The data:
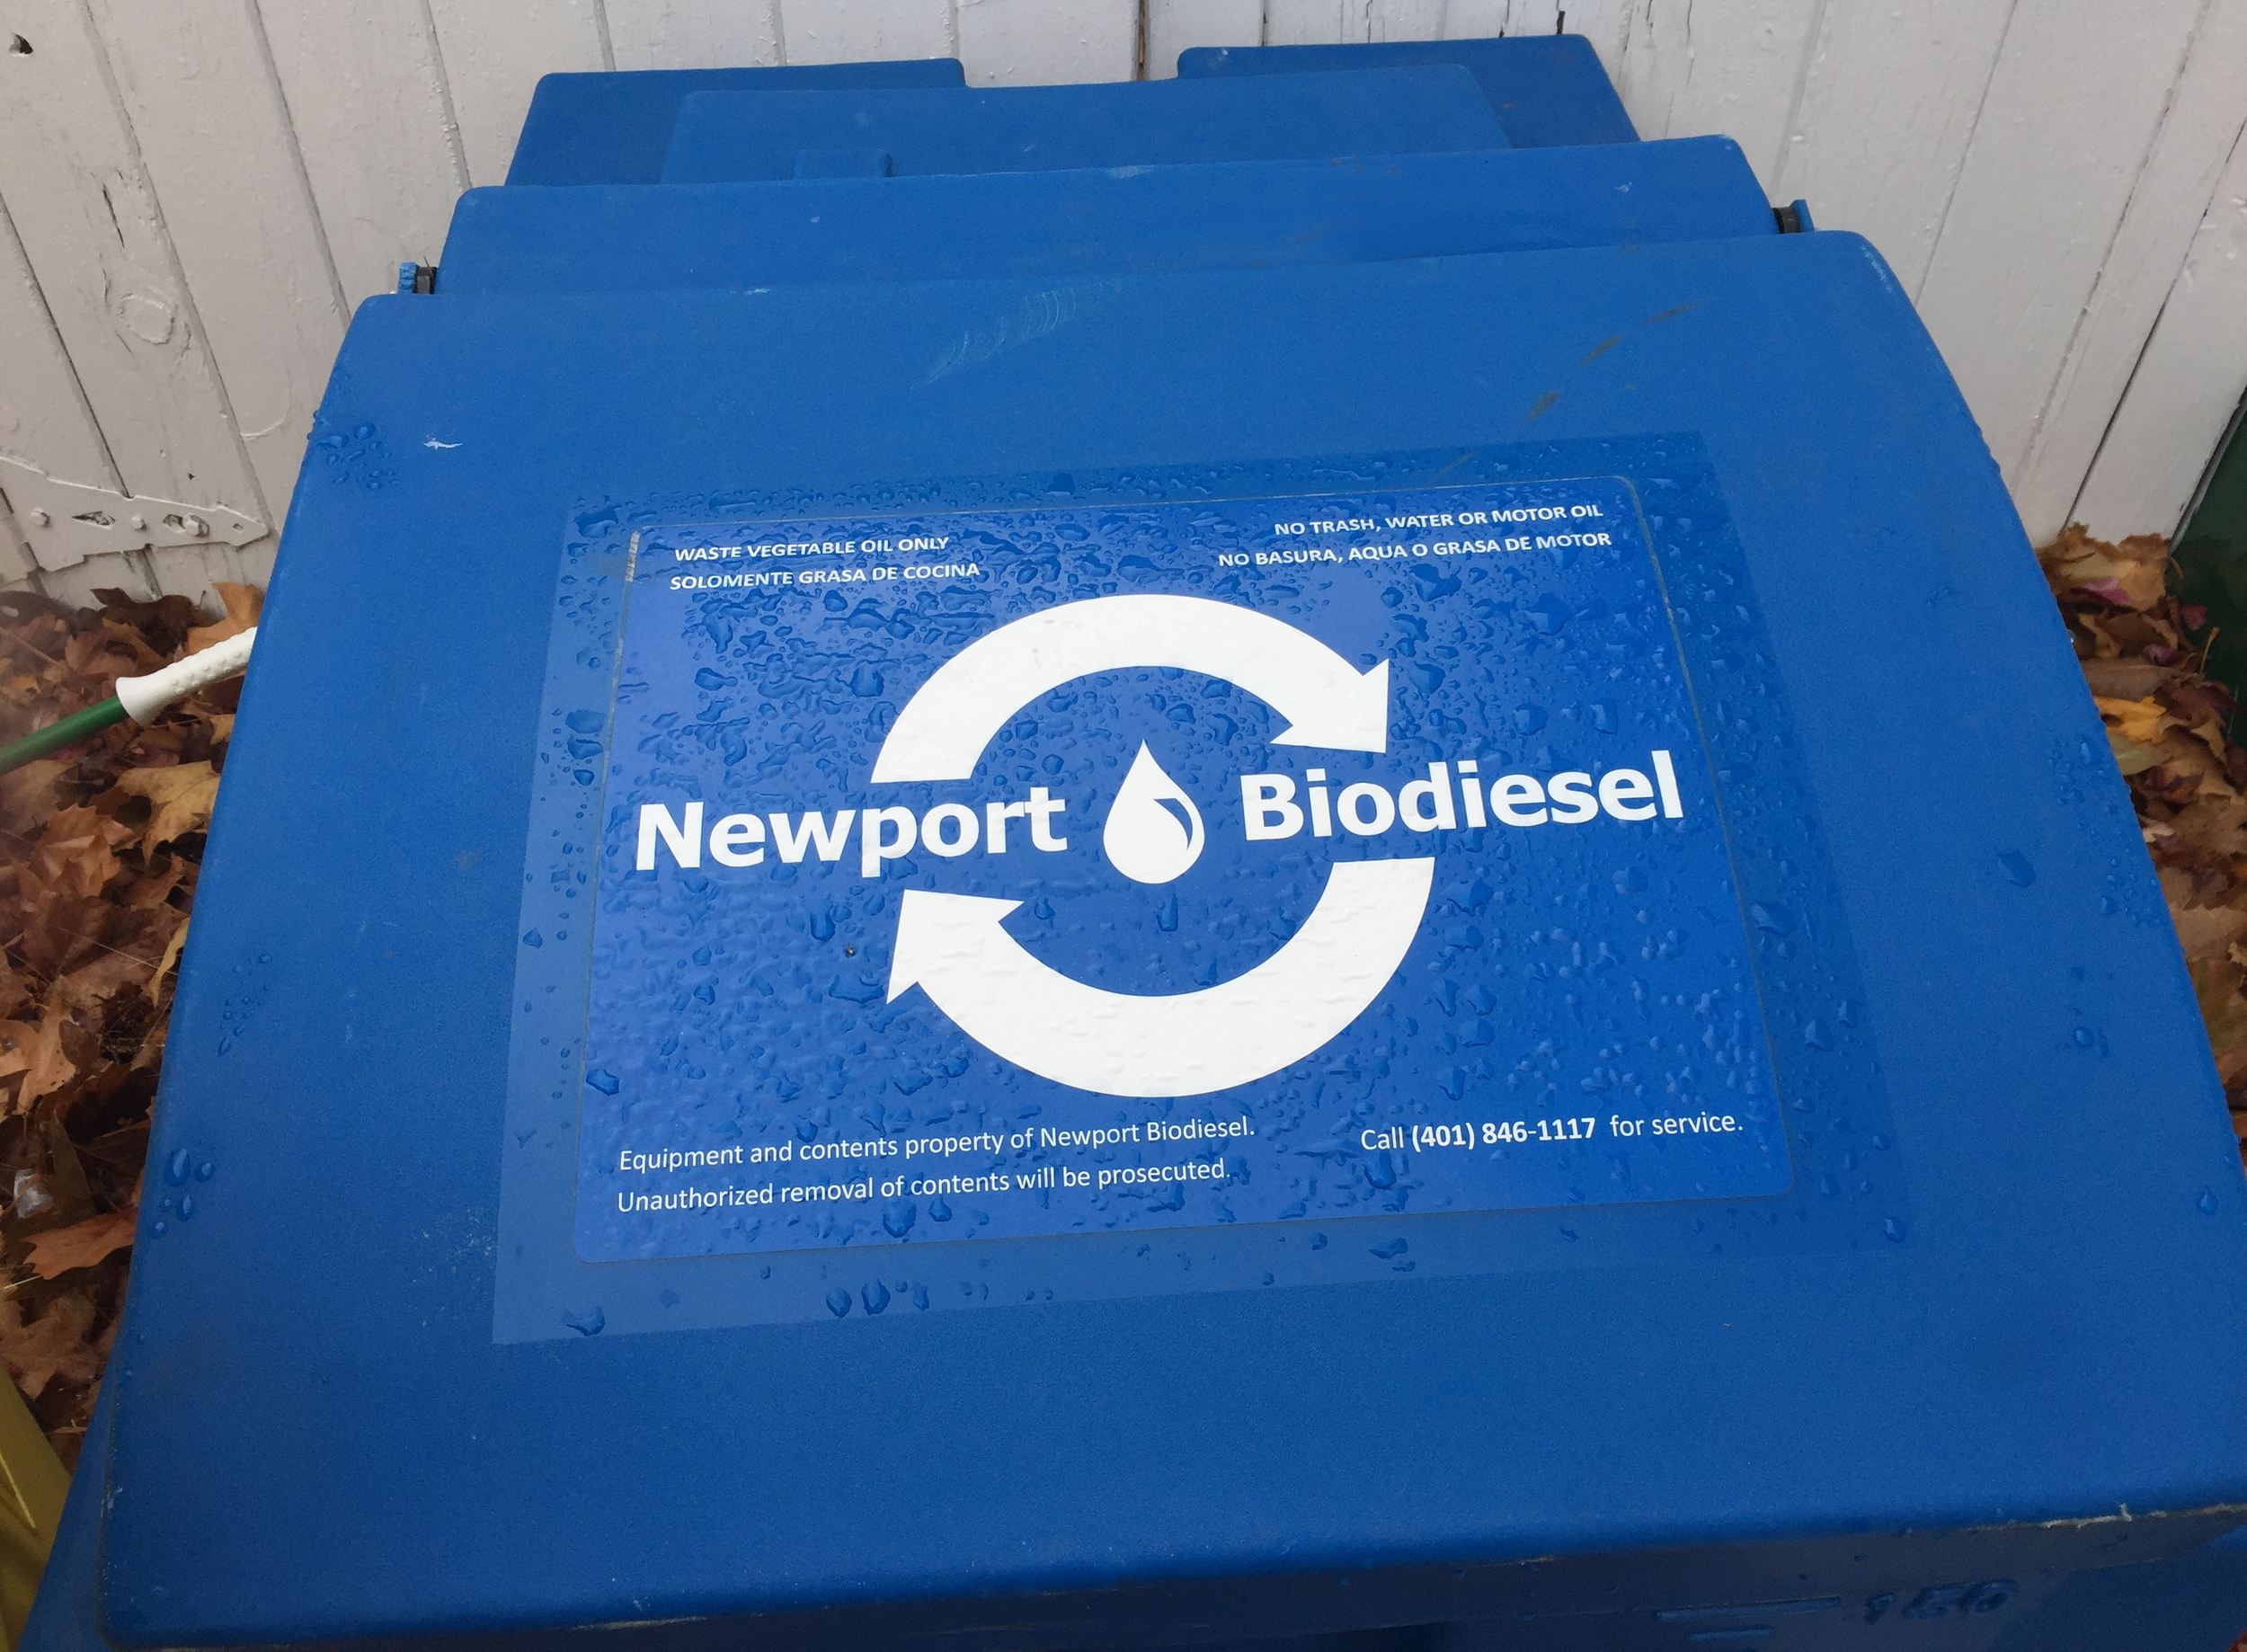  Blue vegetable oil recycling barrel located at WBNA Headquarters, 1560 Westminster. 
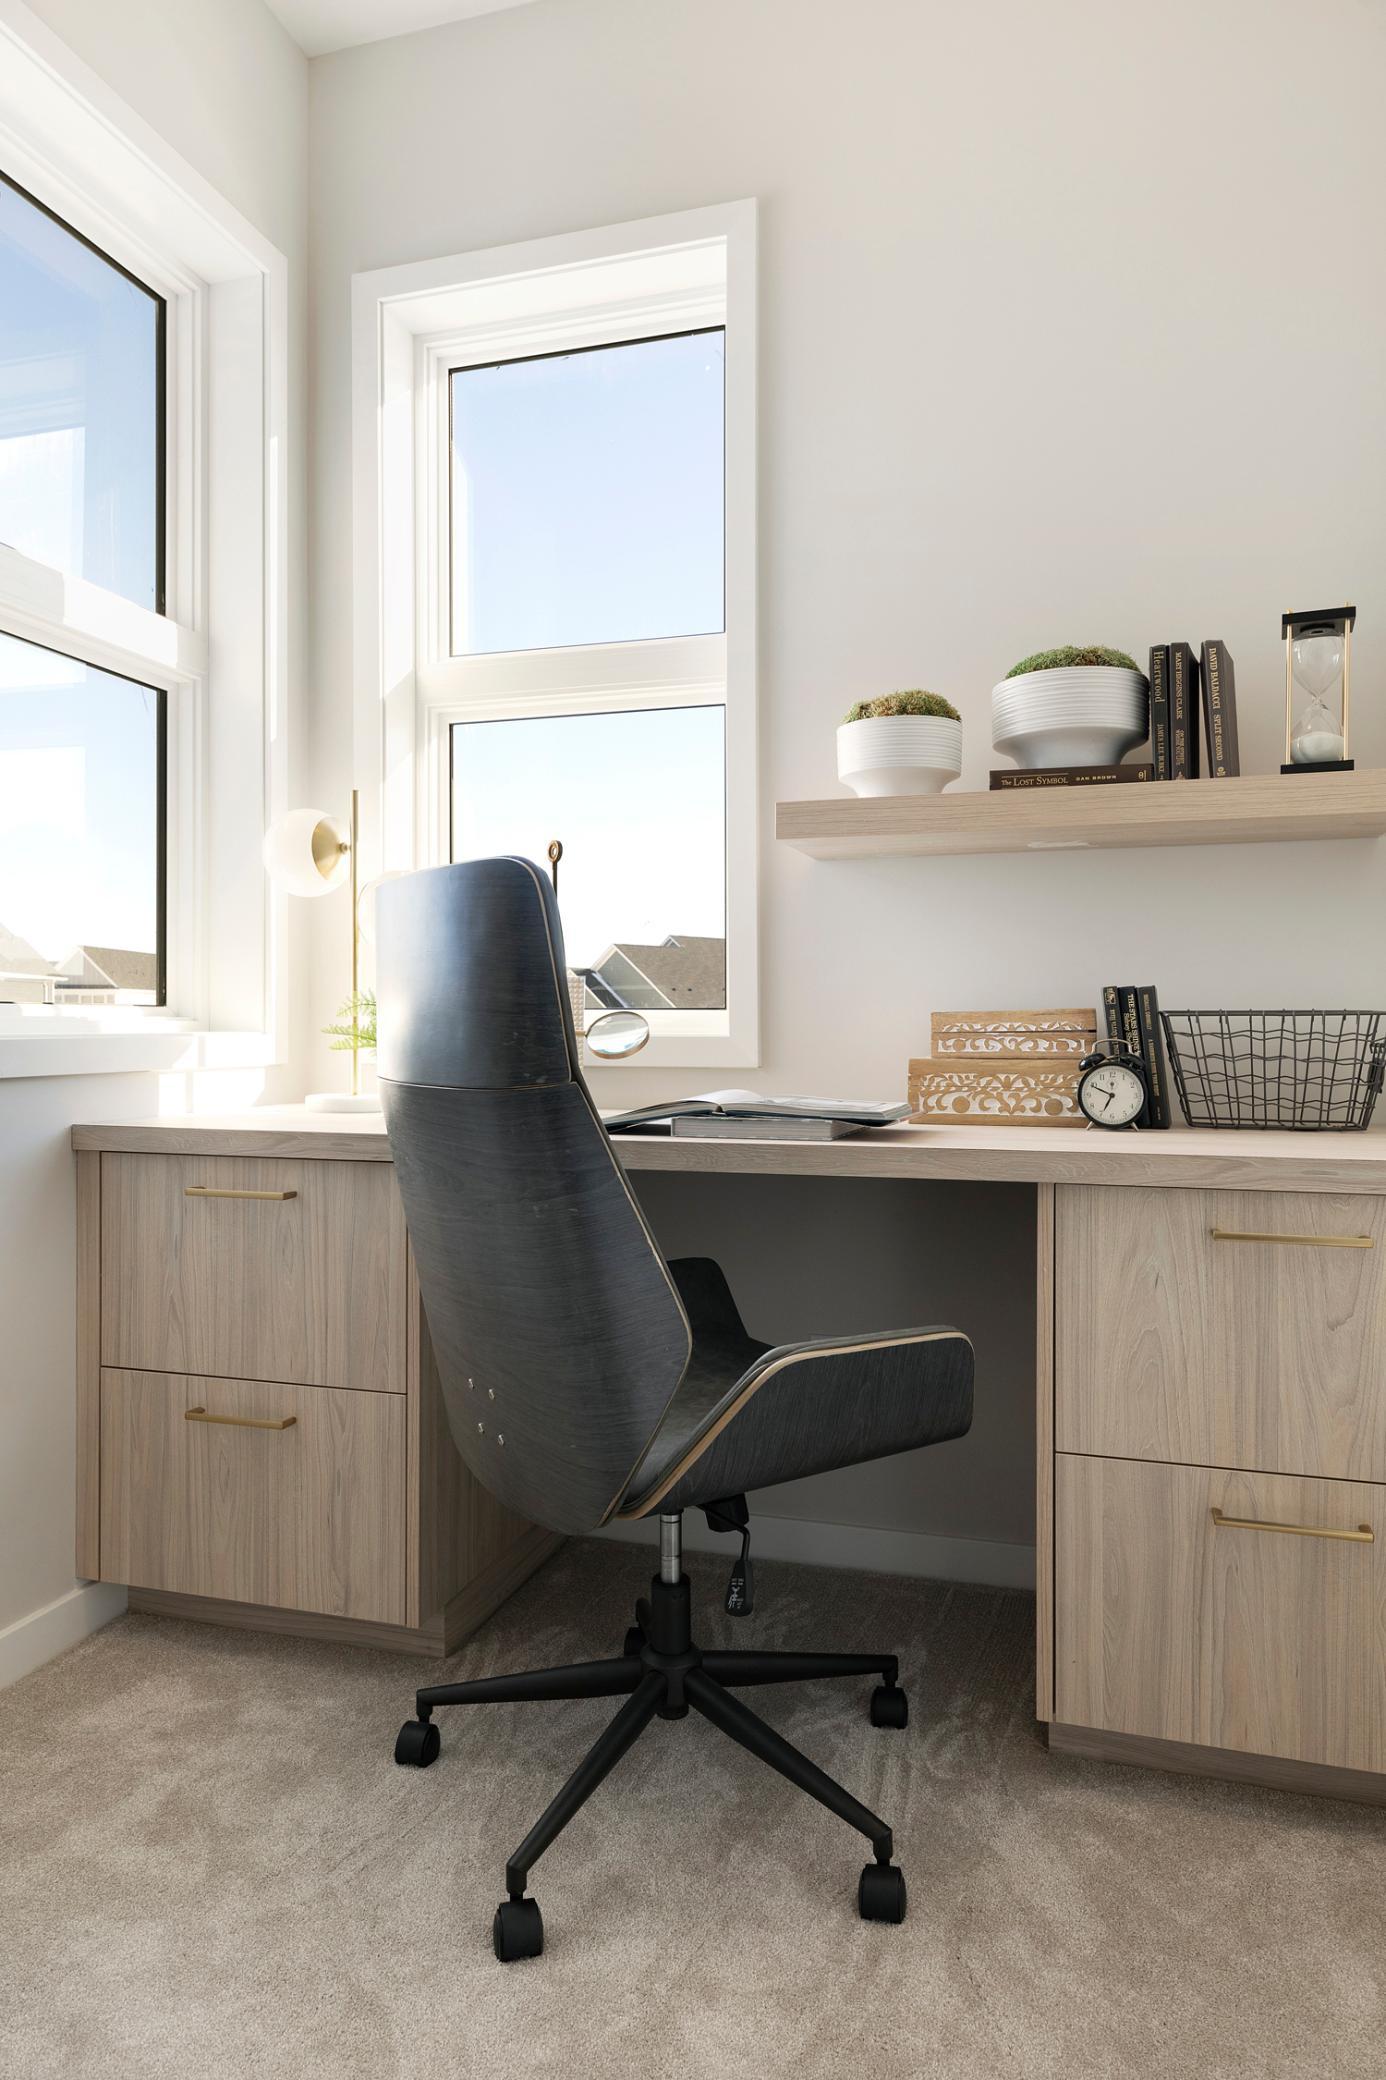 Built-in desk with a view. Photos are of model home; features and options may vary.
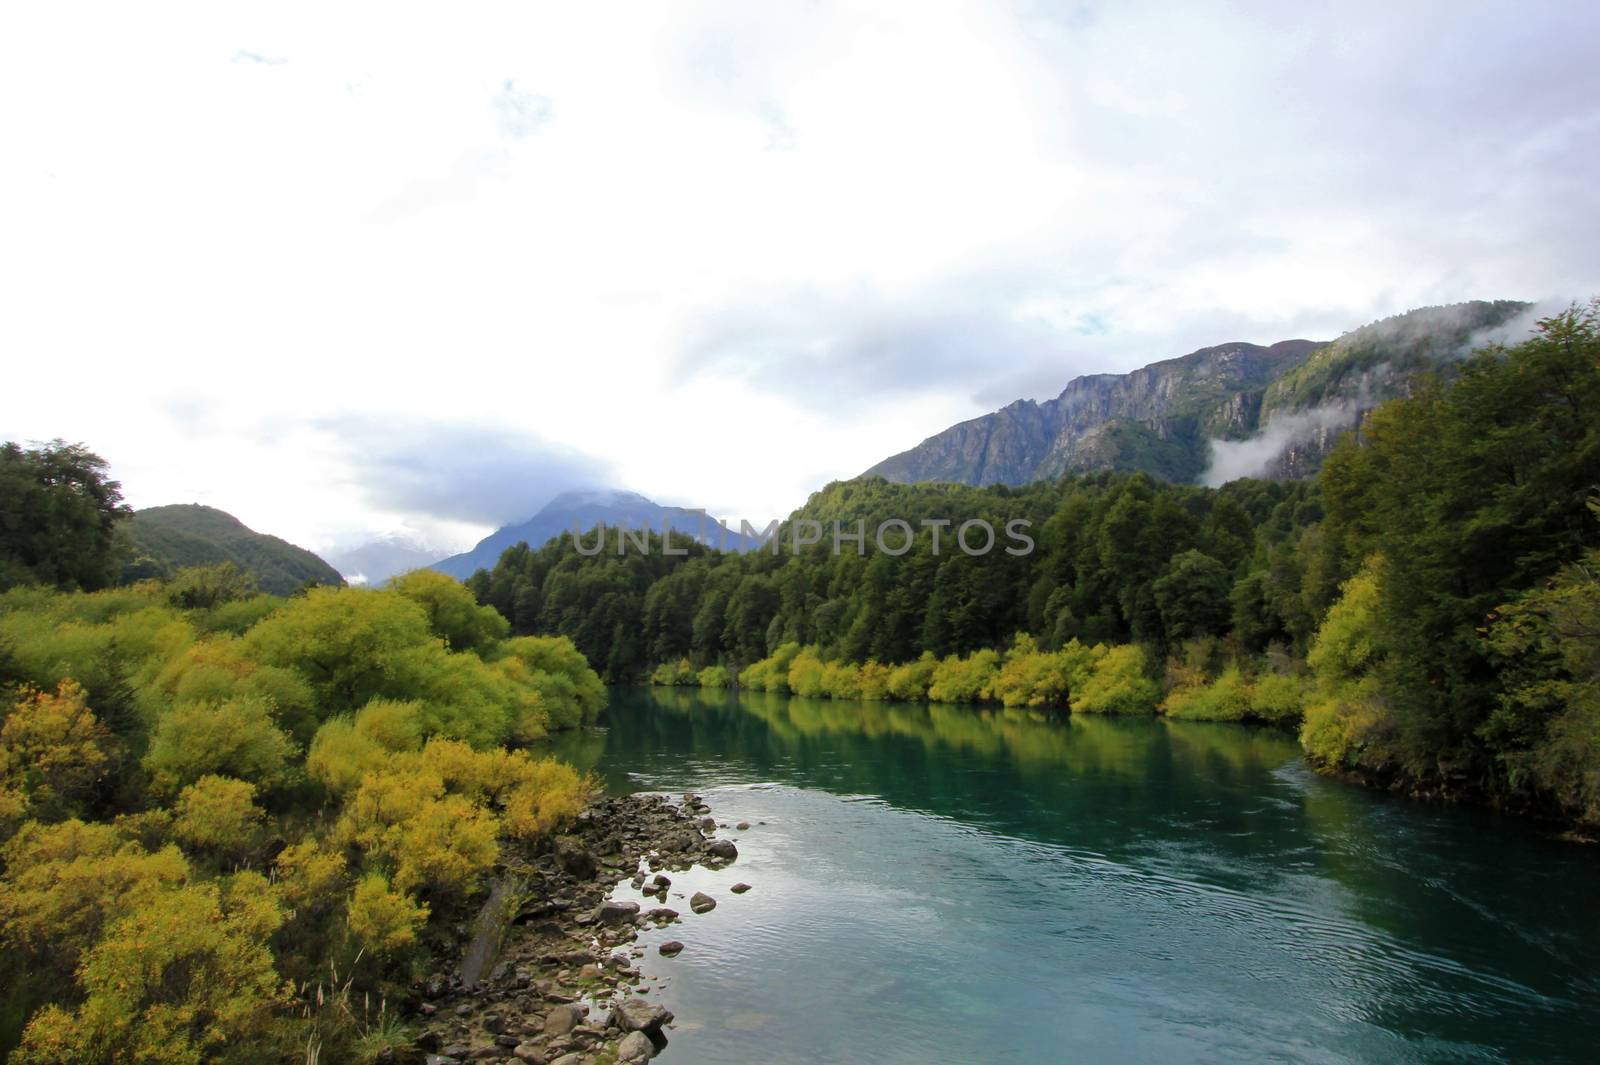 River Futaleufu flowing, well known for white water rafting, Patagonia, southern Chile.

What to produce:
The result should be the full listing, retyped exactly and free of pictures.

Your solution:
  Blue vegetable oil recycling barrel located at WBNA Headquarters, 1560 Westminster. 
 Built-in desk with a view. Photos are of model home; features and options may vary.
 River Futaleufu flowing, well known for white water rafting, Patagonia, southern Chile.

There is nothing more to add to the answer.